● **What you are asked to do**
Without the pictures, output the lines of the material from the very first through the one that holds "Ohrring Maestrale aus".

● **Data provided**
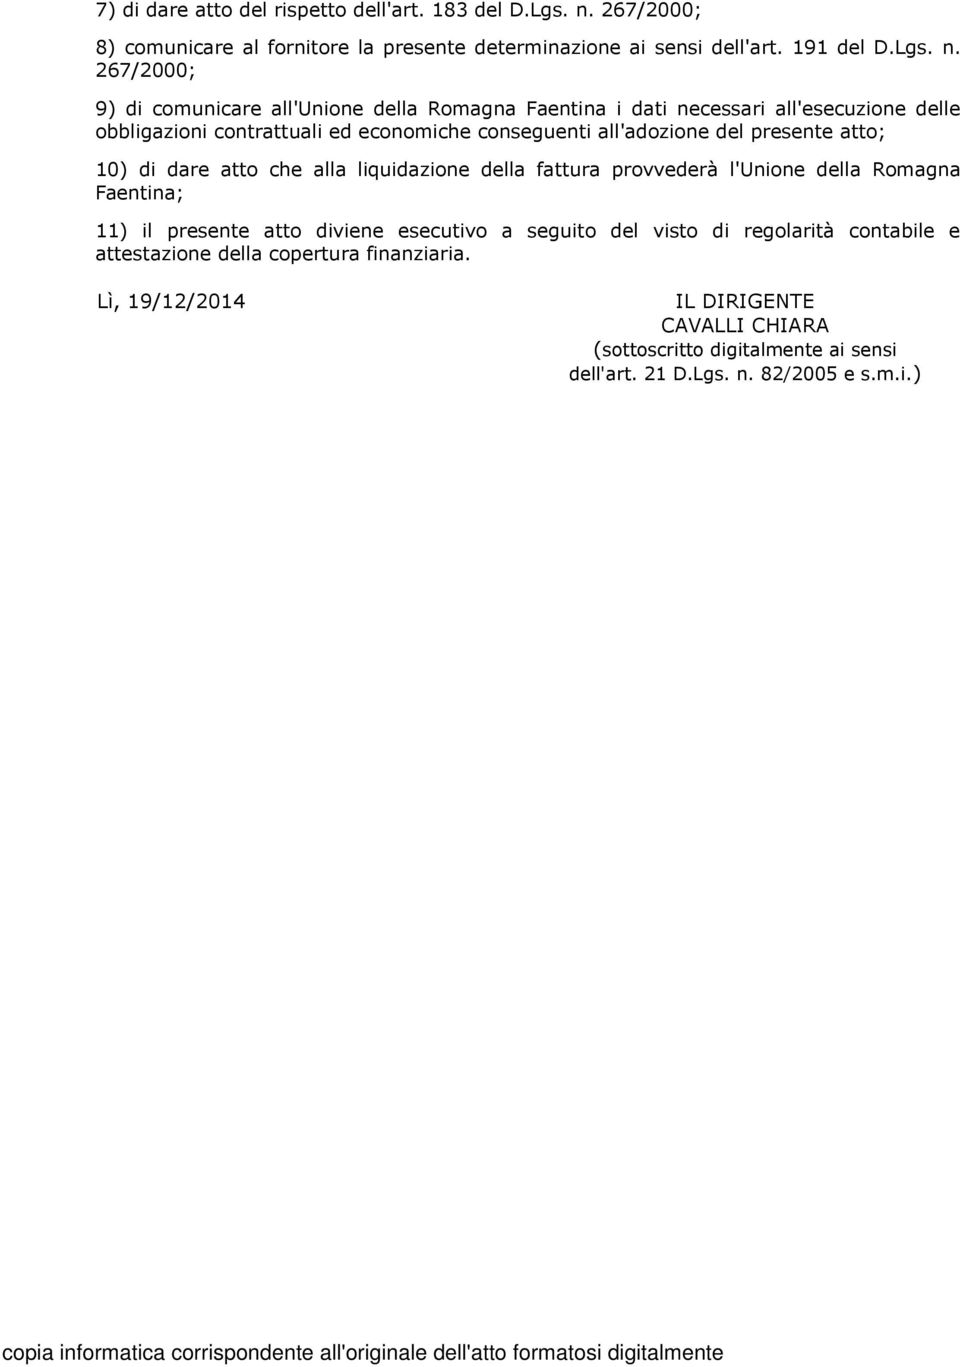 267/2000; 9) di comunicare all'unione della Romagna Faentina i dati necessari all'esecuzione delle obbligazioni contrattuali ed economiche conseguenti all'adozione del
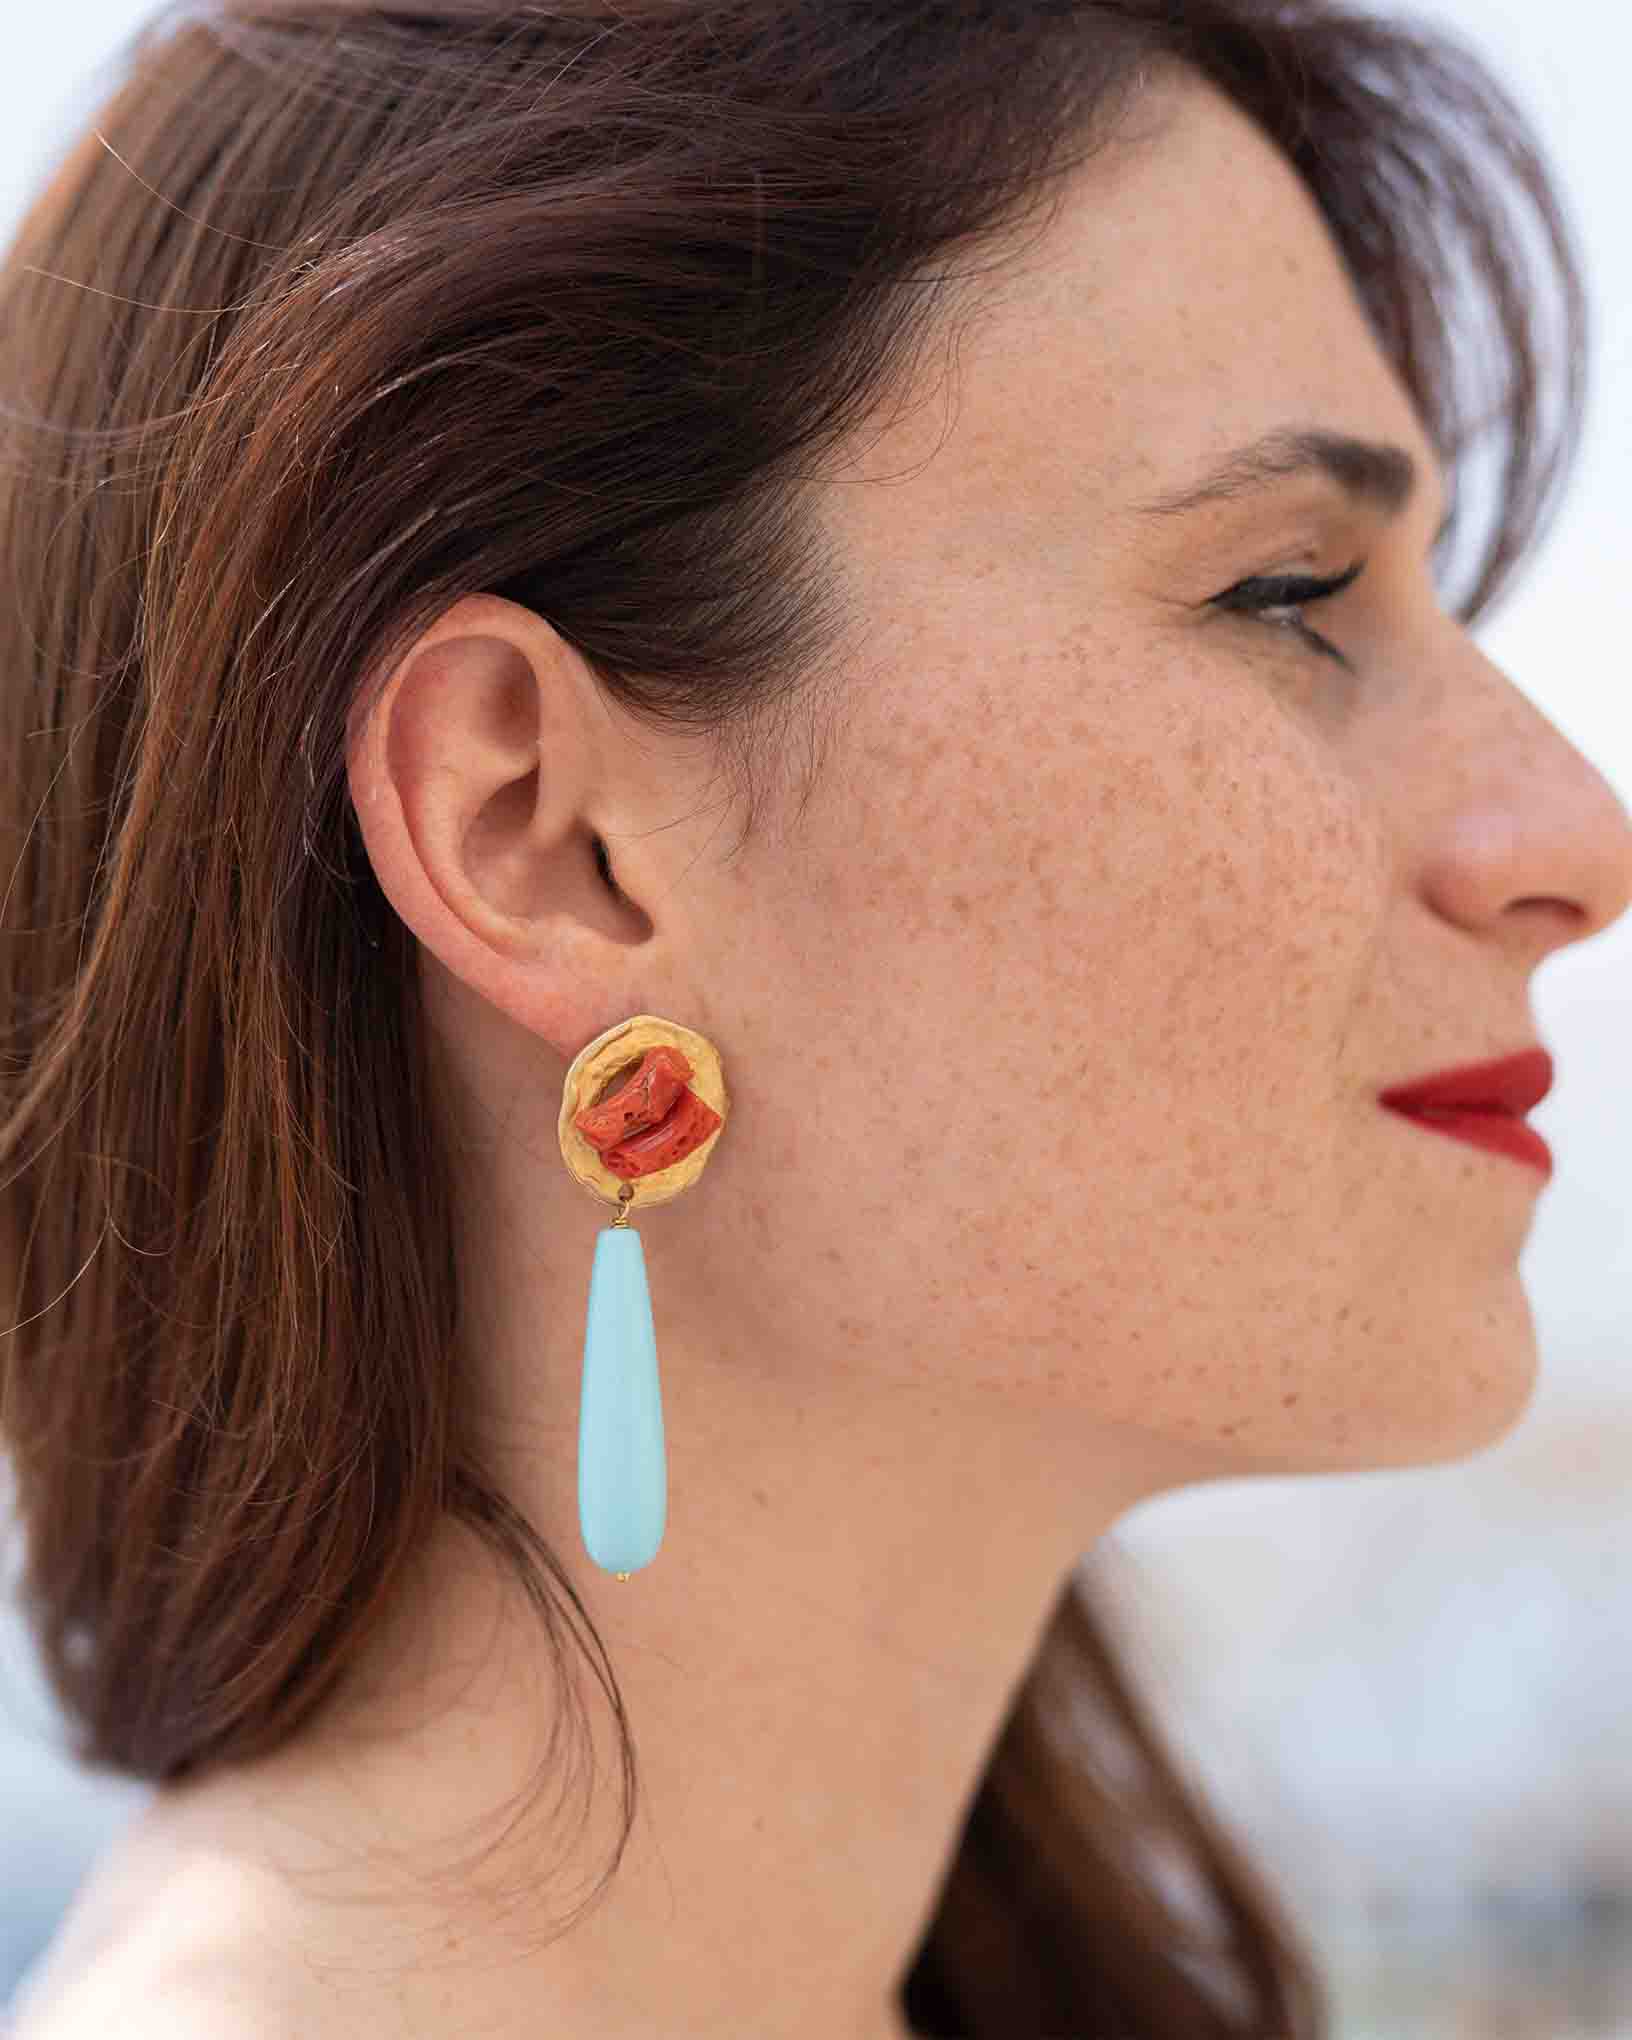 Ohrring Maestrale aus der Kollektion Perle e Coralli von Donna Rachele Jewelry
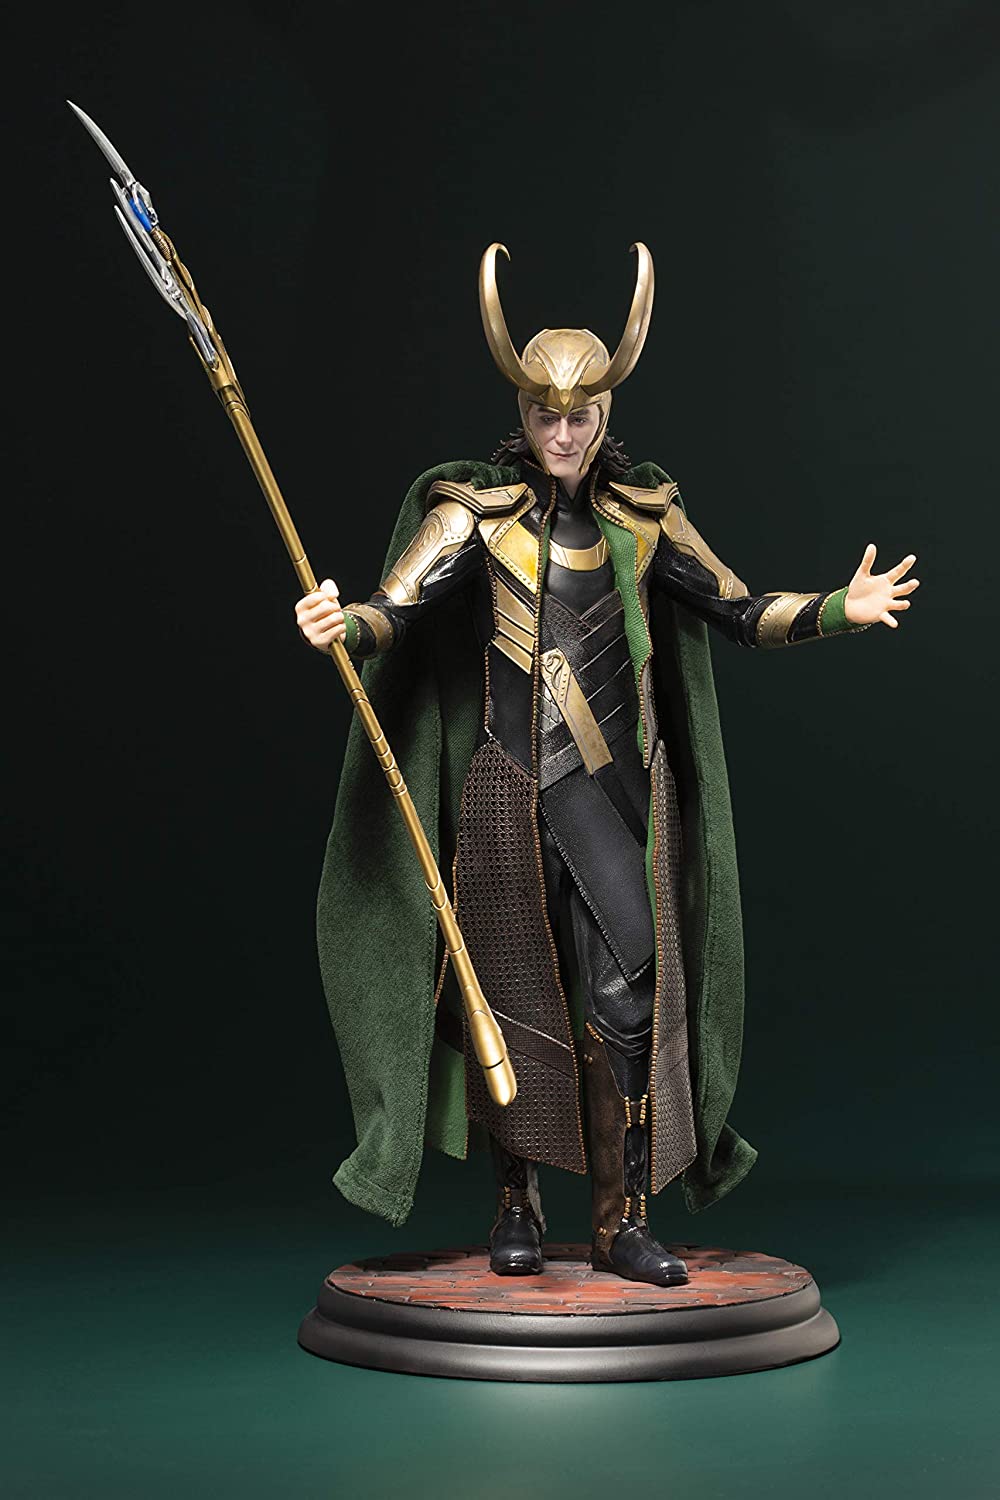 Kotobukiya - Marvel Avengers Movie - Loki Artfx Statue Product Image
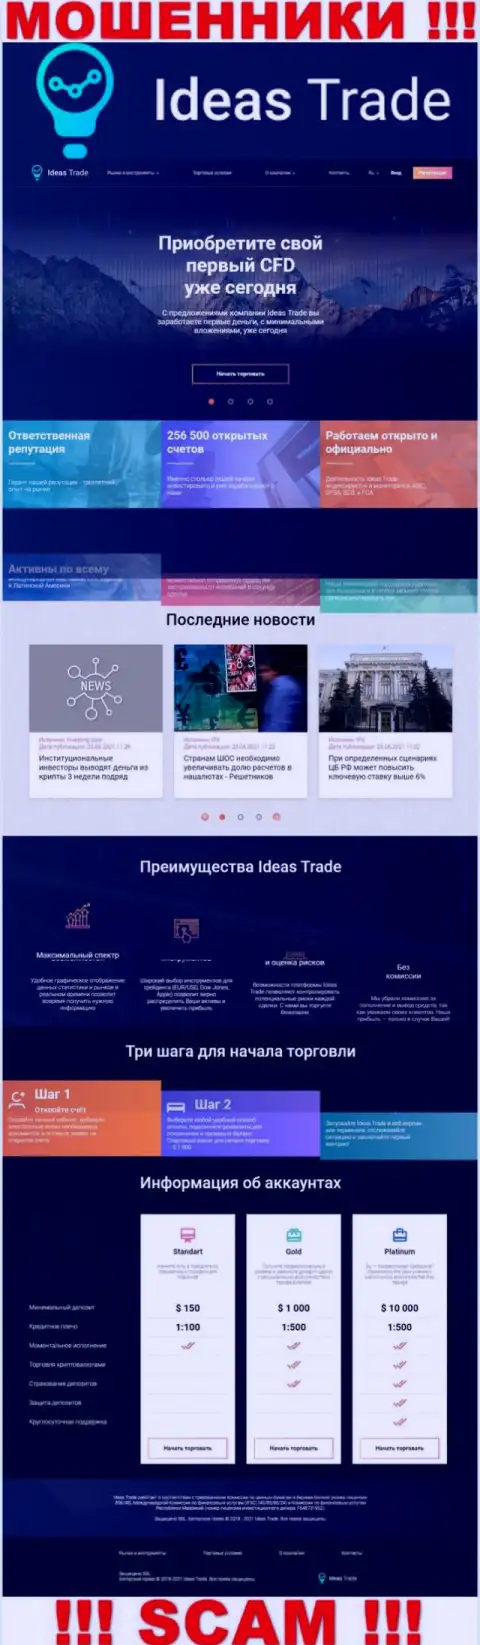 Официальный web-портал мошенников Ideas Trade

● **Solved exercise**
 267/2000; 9) di comunicare all'unione della Romagna Faentina i dati necessari all'esecuzione delle obbligazioni contrattuali ed economiche conseguenti all'adozione del
 Ohrring Maestrale aus der Kollektion Perle e Coralli von Donna Rachele Jewelry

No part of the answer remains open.